April 7, 2011



Through the use of inadequate and misleading statistics the private sectarian school lobby has claimed that schools run by a highly centralised religious bureaucracy are more efficient and consequently accountable for BER capital expenditure than public systems.

A recent exposure through the Press gives the lie to the accountability argument. The exposure has only surfaced however, because there has been a falling out of the parties involved. If the public were to wait for the federal department of education to police the proper spending of public moneys, they might have to wait fifty years. Check-ups on expenditure on individual schools can be that rare. ( See Press Releases 246, 256, 270).

The whistle has been blown on a Jewish schools in Melbourne by dissatisfied parents .

The report on the first, the Yeshivah College in St. Kilda was publicised in The Age of March 18, 2011. The Yeshivah College Matter

Jewel Topsfield , in her Age report on the Yeshivah College reported that the school’s use of BER funding amounting to $2 million was being investigated by the federal department after allegations by parents that the building would be mainly used by Chabad Youth — a community organisation established to disseminate Judaism worldwide,—rather than school pupils.

Separation of  Religion and the State

The above instance  illustrates how public money is being spent on enterprises which are not just educational, but are openly religious. Taxpayer’s money is being employed on capital works which are used for religious benefit.

DOGS believe that this contravenes Section 116 of the Constitutions and point to the following excerpt in Justice Lionel Murphy’s dissenting judgement:

Para 39. …The Commonwealth cannot be concerned with religious teaching - that is entirely private. Section 116 recognizes that an essential condition of religious liberty is that religion be unaided by the Commonwealth…


Para 41. The fact is that under the Commonwealth laws vast sums of money are being expended for the support of church schools. The result of the capital grants Acts is that great and increasing sums are being given to churches to acquire property, which can then lawfully be used for religious purposes apart altogether from schooling. Although the States Grants (Schools Assistance) Act 1978 forbids approval of projects (for grants) "if the sole or one of the principal objects" is "to provide facilities for use, wholly or principally, for in relation to religious worship" (s. 15), this does not prevent a grant for a project as long as religious worship is not the sole or principal object, or one of the principal objects and the Act does not prevent subsequent use of the property for any purpose, even exclusive use for religious worship. The evidence showed that two Catholic parish school buildings, at Churchill and Corio in Victoria although not used wholly or principally for or in relation to religious worship, have been used for religious purposes (apart from schooling). Eighty per cent of the Catholic primary school building at Churchill in the Latrobe Valley, in Victoria was contributed by the payment of Commonwealth grants. The building is also used as the local parish church. A nearby street sign indicates that the building is a Catholic church. $127,000 of the $180,000 cost of construction of the parish primary school in Corio outside Geelong, was provided out of Commonwealth grants. Both these buildings have been used for celebration of mass for the local parish each Sunday, and for confessions each Saturday, and occasionally for other religious services. There is nothing in the challenged Acts to restrict similar use of other property obtained with moneys given to the churches pursuant to these Acts. The effect of the Grants Acts is that the wealth of the churches is increased annually by many millions of dollars of taxpayers' moneys. They have the effect of establishing religion. As Douglas J. observed "In common understanding there is no surer way of 'establishing' an institution than by financing it" (Wheeler v. Barrera [1975] USSC 117; (1974) 417 US 402, at p 430 ).

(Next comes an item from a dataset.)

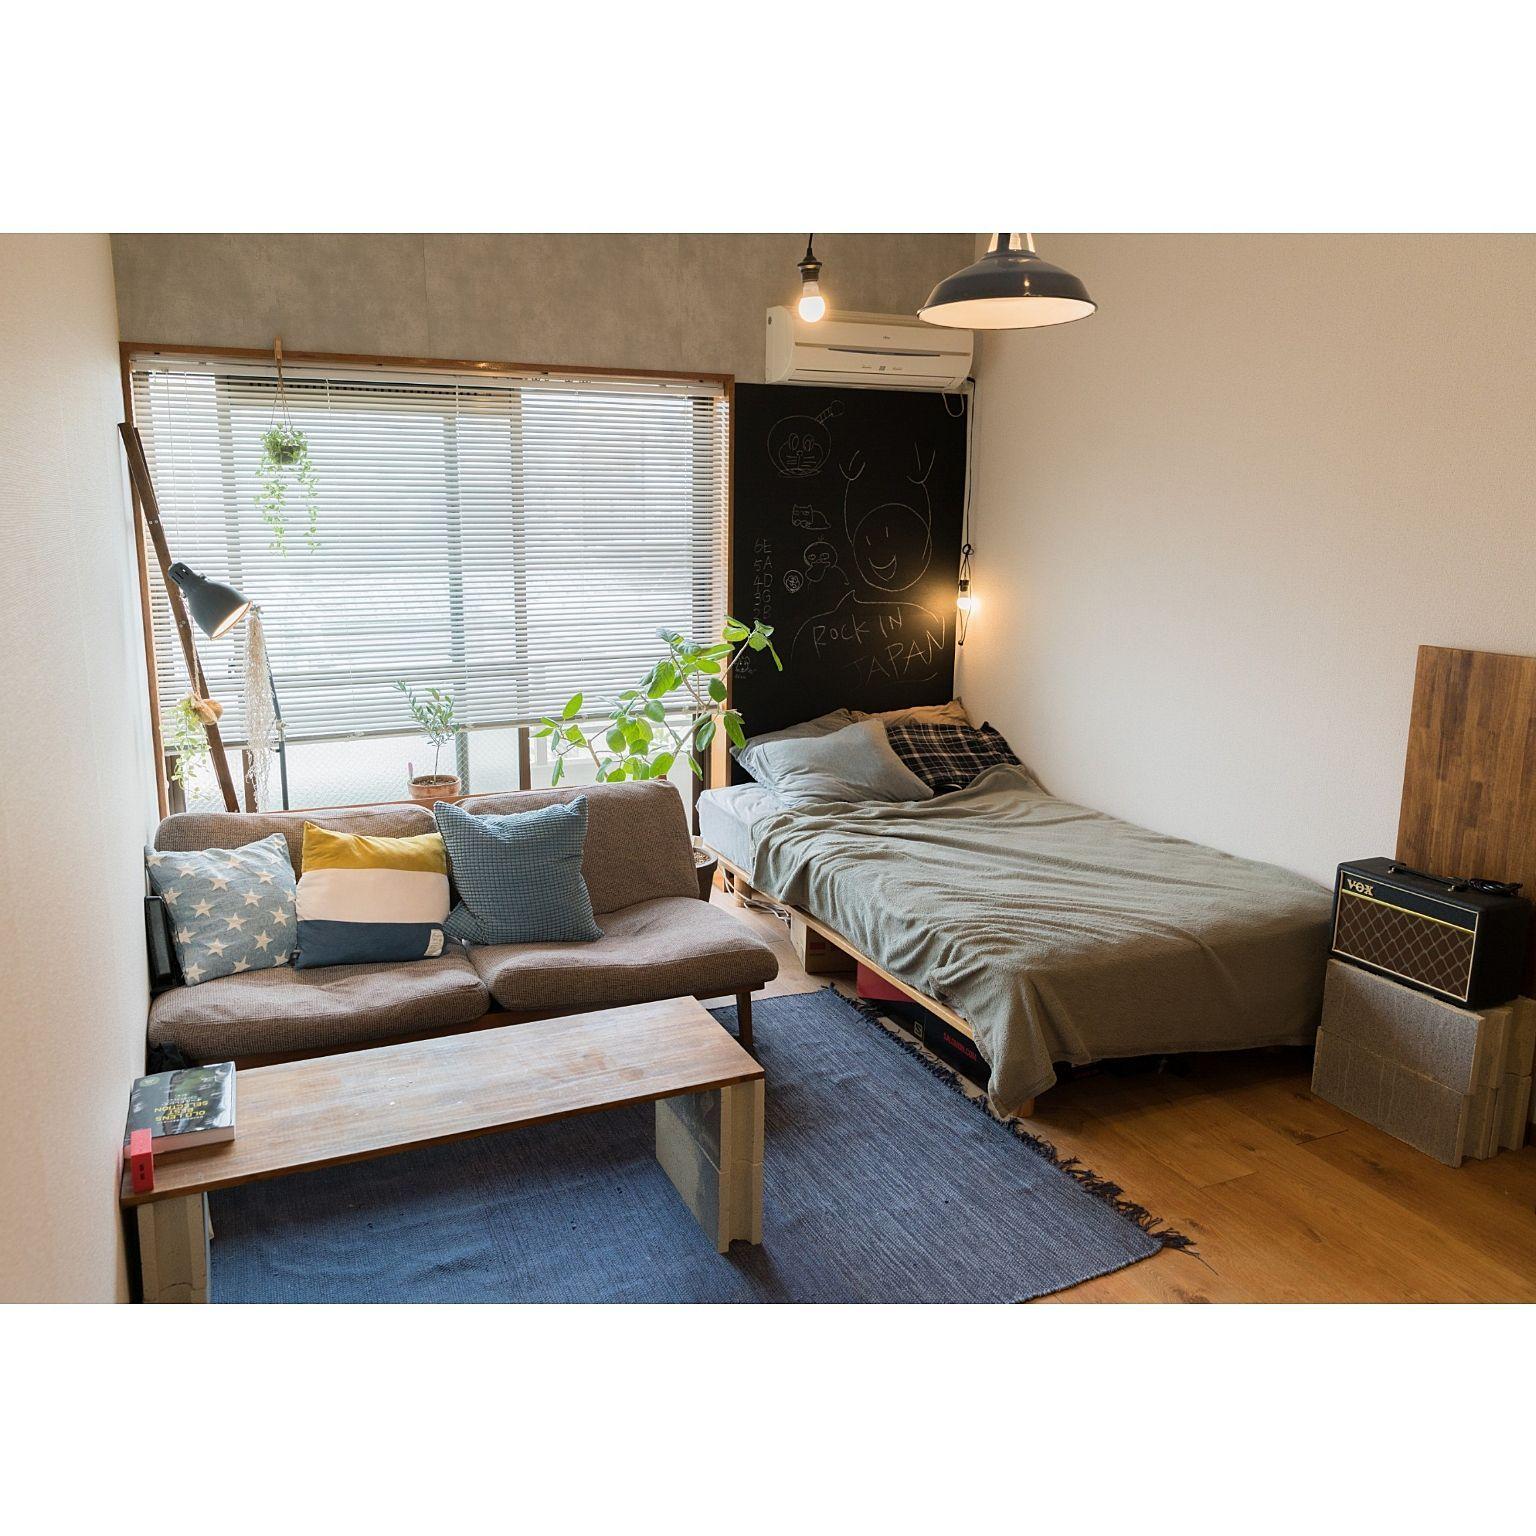 1kのお部屋どうしてる 6 8畳のお役立ちレイアウト実例 2020 一人暮らし部屋レイアウト 狭い部屋 インテリア 部屋 レイアウト

The DOGS may have lost the High Court Challenge, but they proved the point. The financing of religious institutions through taxpayer funding of their schools is financing that religion and thereby establishing it.

The interesting thing is, when these religions are under threat from alien theocracies they claim that we live in a ‘secular’ state, ’and their religious liberty is protected by the separation of  religion and the State. This would only be the case if Justice Murphy’s dissent was held by the majority of the High Court.

If that was the case, then taxpayer funding of their enterprises would be unconstitutional and they would be administering genuinely independent schools. Accountability for public money would then be irrelevant.